Van Etten E, Branisteanu D D, Overbergh L, Bouillon R, Verstuyf A, Mathieu C
Laboratory of Experimental Medicine and Endocrinology, Catholic University of Leuven, Herestraat 49, Belgium.
Bone. 2003 Apr;32(4):397-404. doi: 10.1016/s8756-3282(03)00030-9.
The vitamin D analog TX527 (19-nor-14,20-bis epi-23-yne-1,25(OH)(2)D(3)), decreased disease severity (P < 0.001) and postponed disease onset (P < 0.0001) in SJL mice in which experimental autoimmune encephalomyelitis was induced. Levels of IFN-gamma and IL-2 mRNA were decreased in spinal cord and spleen in the analog-treated mice, suggesting a Th(1)-targeted effect. Adding the bisphosphonate pamidronate did not affect analog-protective efficacy, but completely prevented TX527-caused acceleration of bone turnover and increased total bone mineral content as well as femoral mineral and calcium content (P < 0.01). Less calcemic analogs of 1,25-dihydroxyvitamin D(3), in combination with bone sparing products such as bisphosphonates allow immune modulation in vivo without affecting bone.

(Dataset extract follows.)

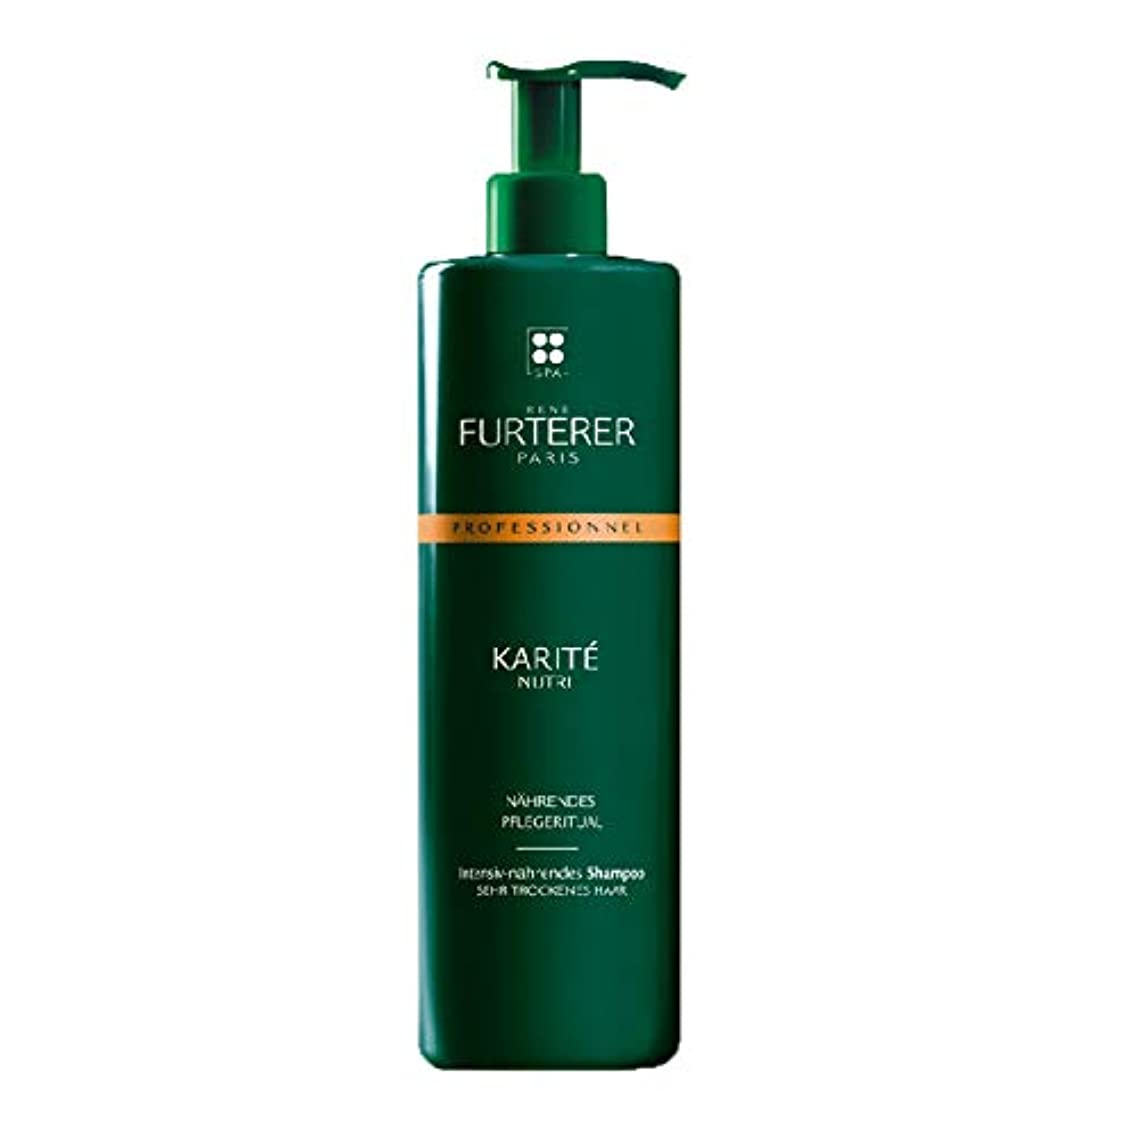 紀元前大破描写ルネ フルトレール Karite Nutri Nourishing Ritual Intense Nourishing Shampoo - Very Dry Hair (Salon Product) 600ml/20.2oz...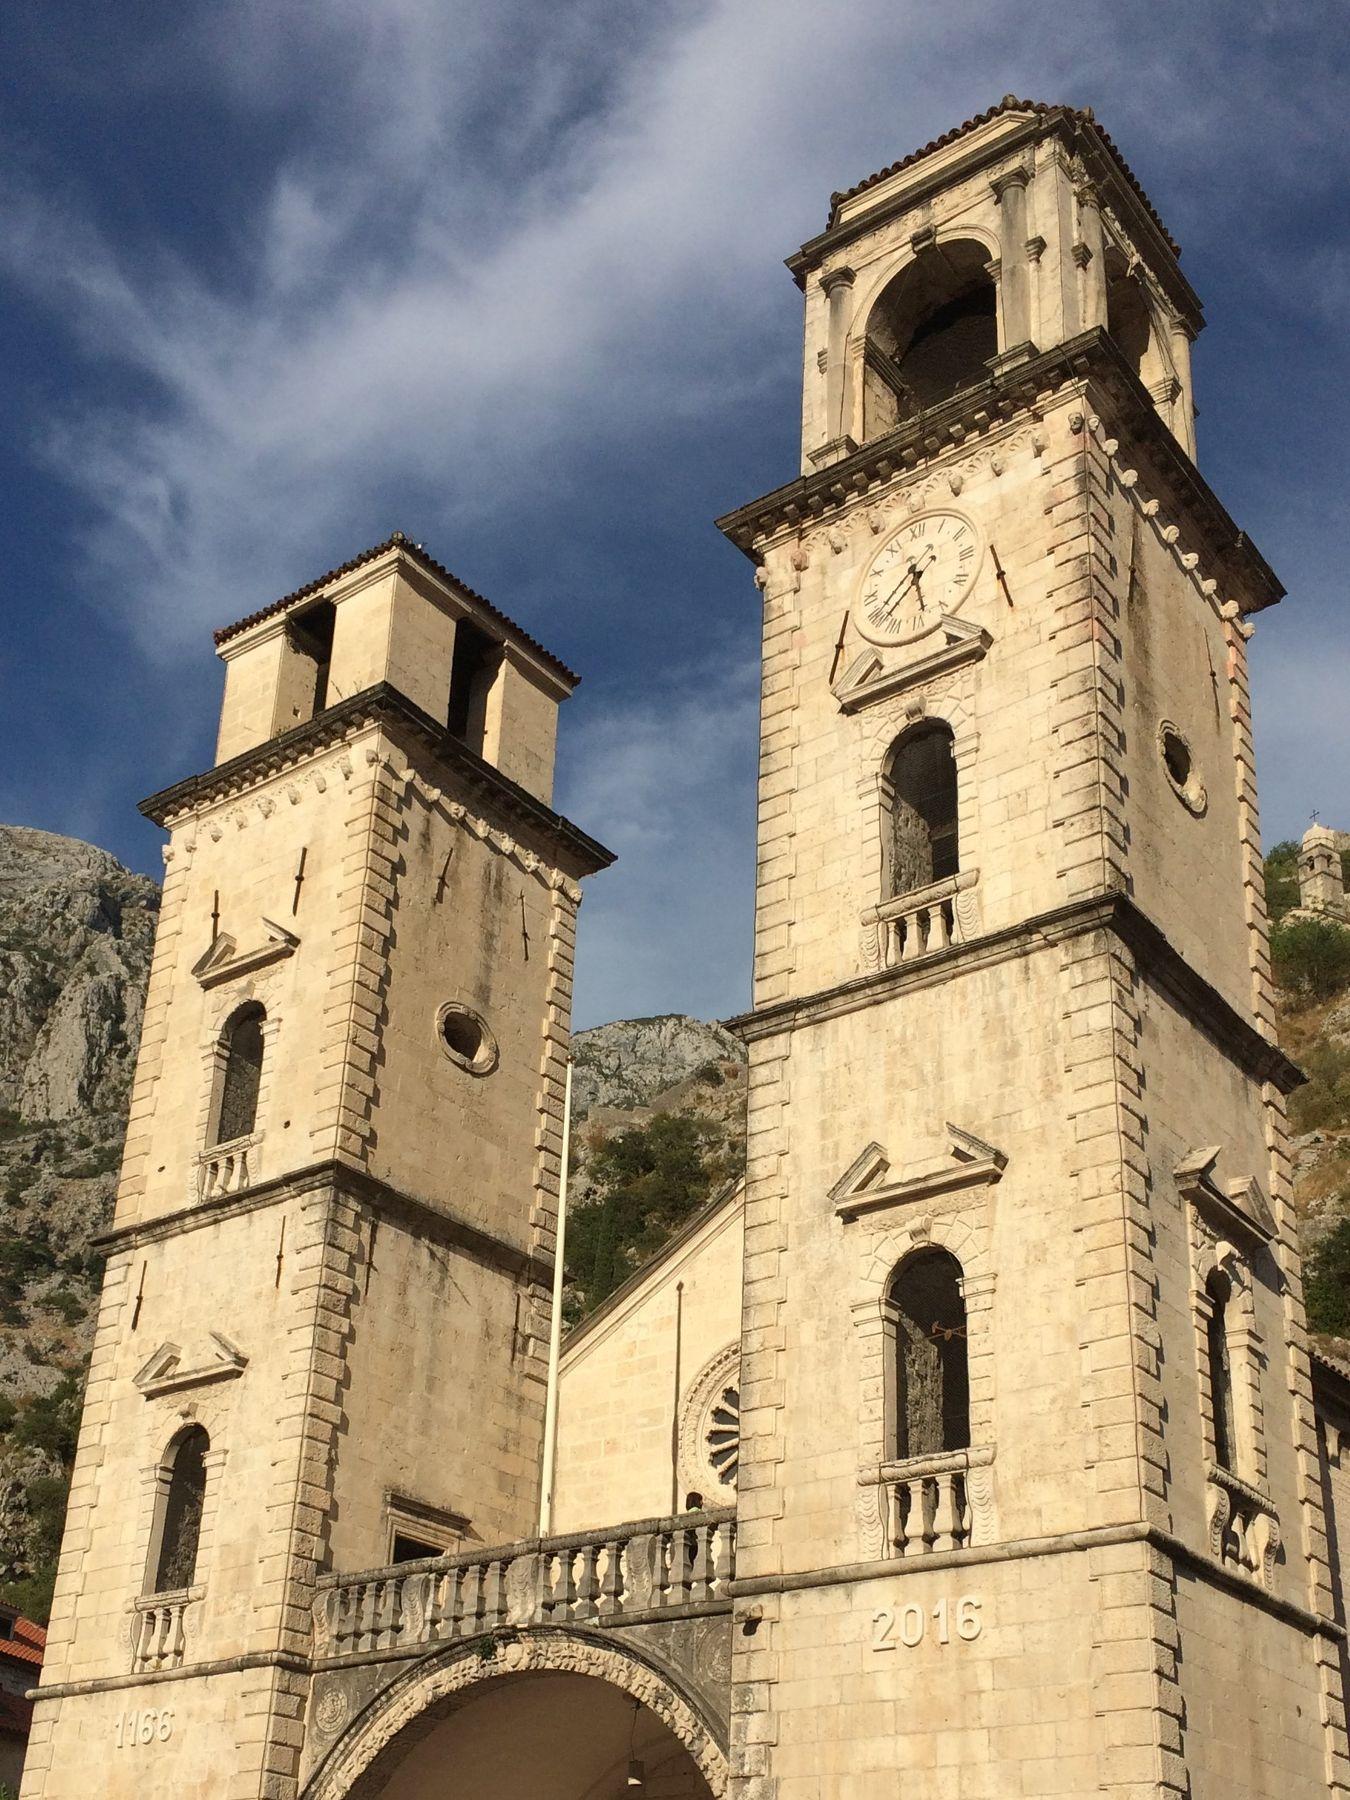 Кафедральный собор Святого Трифона, Город Котор, Черногория

维生素D类似物TX527(19-去甲-14,20-双表-23-炔-1,25(OH)₂D₃)可减轻诱导实验性自身免疫性脑脊髓炎的SJL小鼠的疾病严重程度(P < 0.001)并延缓疾病发作(P < 0.0001)。在接受类似物治疗的小鼠的脊髓和脾脏中,IFN-γ和IL-2 mRNA水平降低,提示有针对Th1的效应。添加双膦酸盐帕米膦酸并不影响类似物的保护效果,但能完全防止TX527引起的骨转换加速,并增加骨矿物质总量以及股骨矿物质和钙含量(P < 0.01)。1,25-二羟基维生素D₃的低钙血症类似物与双膦酸盐等保骨产品联合使用,可在不影响骨骼的情况下在体内调节免疫。